The fragments were sequenced using automated DNA sequencers that
worked on the principle of a method developed by Frederick Sanger.
(Remember, Sanger is also credited for developing method for
determination of amino acid
sequences in proteins).
These
sequences were then arranged based
on some overlapping regions
present in them. This required
generation of overlapping fragments
for sequencing. Alignment of these
sequences was humanly not
possible. Therefore, specialised
computer based programs were
developed
how are chromosomal dna put together
These
sequences were subsequently
annotated and were assigned to each
chromosome. The sequence of
chromosome 1 was completed only
in May 2006 (this was the last of the
24 human chromosomes – 22
autosomes and X and Y – to be sequenced).
2nd challenge to hgp
Another challenging task was assigning the genetic and
physical maps on the genome. This was generated using information on
polymorphism of restriction endonuclease recognition sites, and some
repetitive DNA sequences known as microsatellites
Salient Features of Human Genome
(i) The human genome contains 3164.7 million bp.
(ii) The average gene consists of 3000 bases, but sizes vary greatly, with
the largest known human gene being dystrophin at 2.4 million bases.
(iii) The total number of genes is estimated at 30,000–much lower than previous estimates of 80,000 to 1,40,000 genes. Almost all (99.9 per cent) nucleotide bases are exactly the same in all people.
(iv)(iv) The functions are unknown for over 50 per cent of the discovered
genes.
(v) Less than 2 per cent of the genome codes for proteins.
(vi) Repeated sequences make up very large portion of the human genome.

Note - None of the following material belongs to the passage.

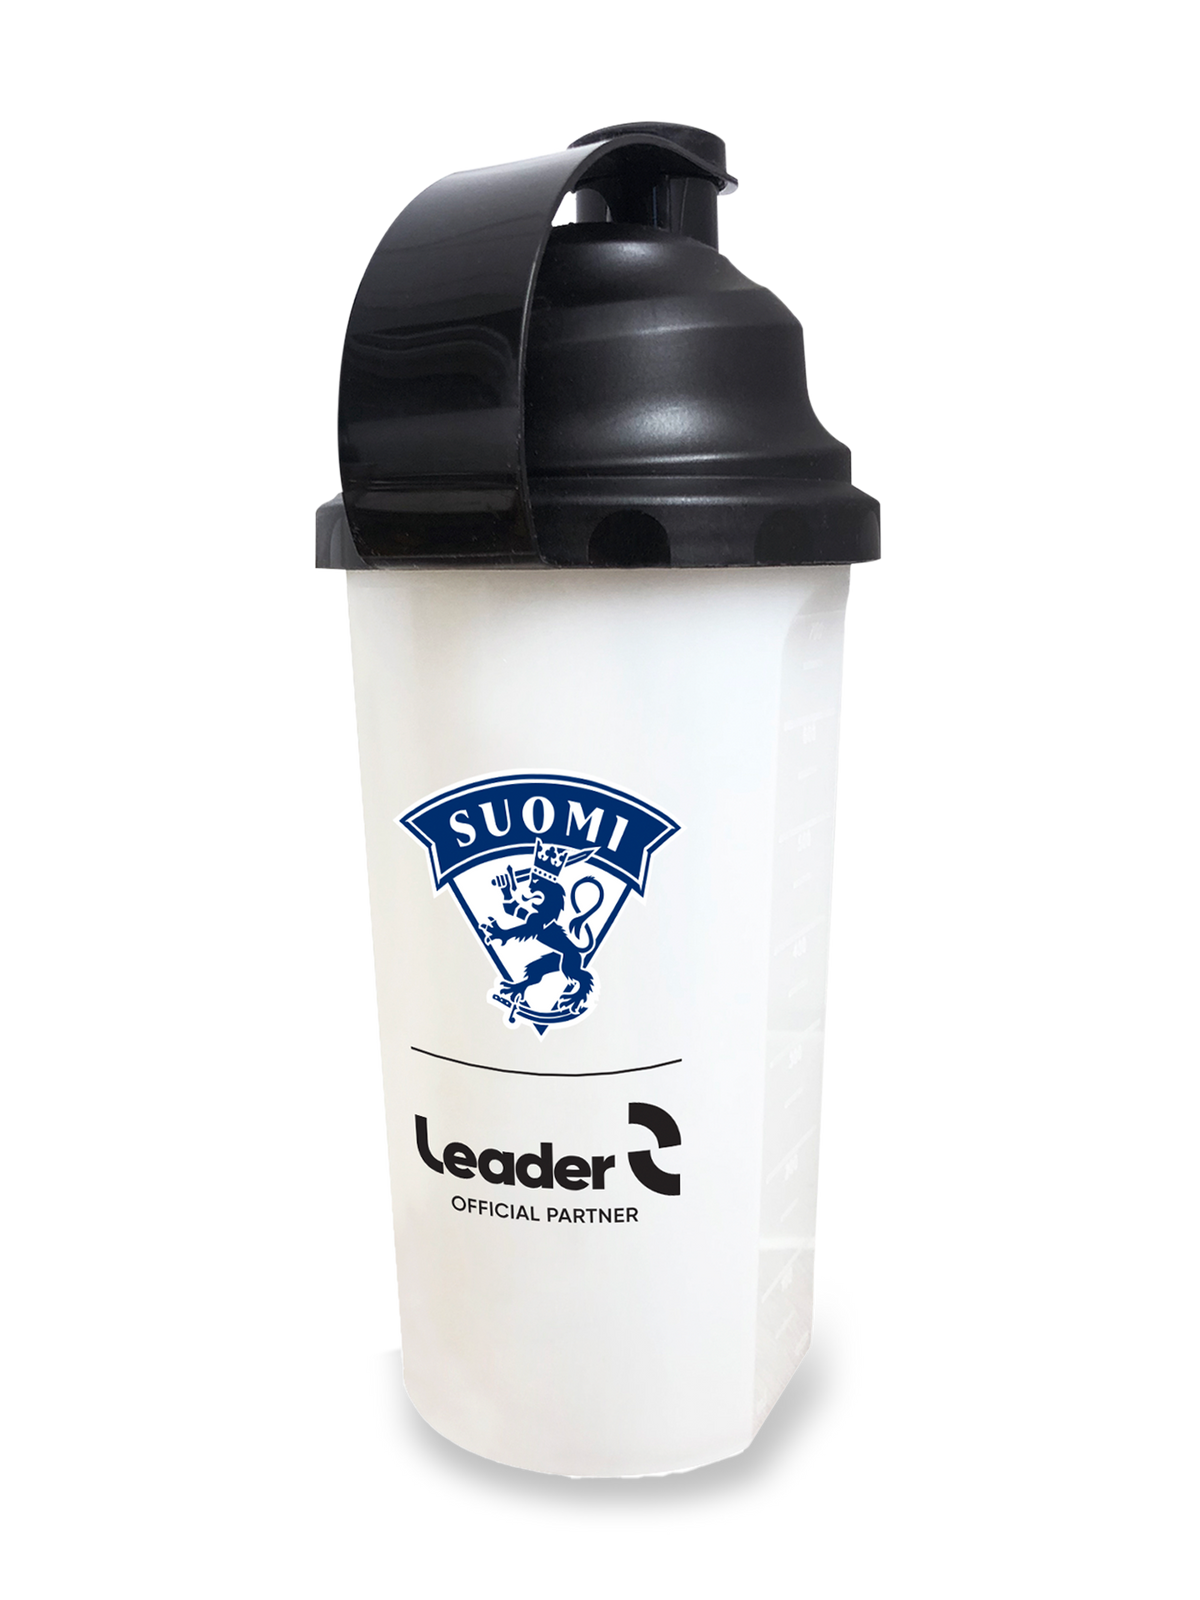 Leader X Leijona Shaker 700 ml
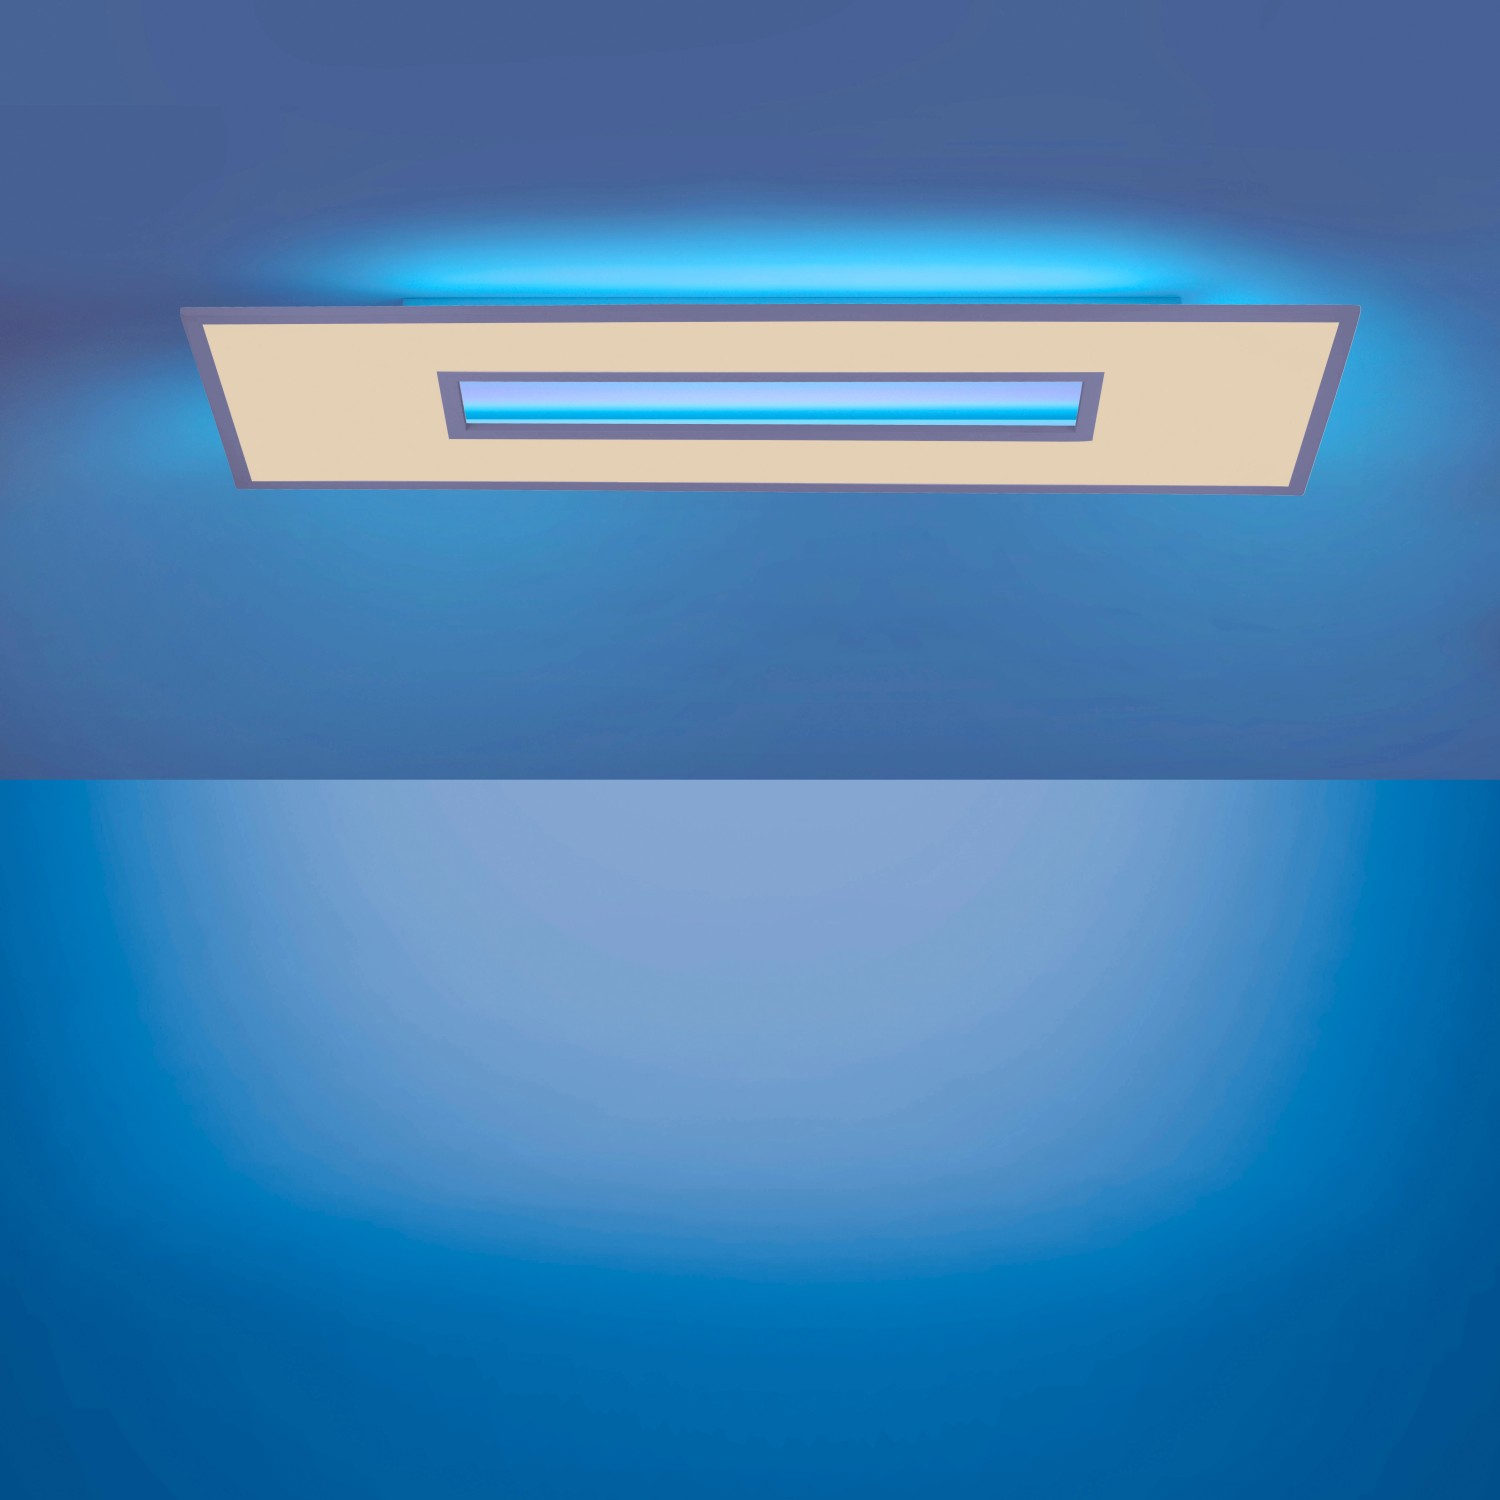 LED-Deckenleuchte Recess 120 x 40 cm, 2700-5000 K, RGB kaufen bei OBI

Chromosome 1 has most genes (2968), and the Y has the fewest (231)
what areptitive sequences
Repetitive sequences are stretches of DNA sequences that are
repeated many times, sometimes hundred to thousand times. They
are thought to have no direct coding functions, but they shed light
on chromosome structure, dynamics and evolution.
what are SNP’s
Scientists have identified about 1.4 million locations where singlebase DNA differences (SNPs – single nucleotide polymorphism,
pronounced as ‘snips’) occur in humans. This information promises
to revolutionise the processes of finding chromosomal locations for
disease-associated sequences and tracing human history.
challenges with hgp
Deriving meaningful knowledge from the DNA sequences will define
research through the coming decades leading to our understanding of
biological systems. This enormous task will require the expertise and
creativity of tens of thousands of scientists from varied disciplines in both
the public and private sectors worldwide.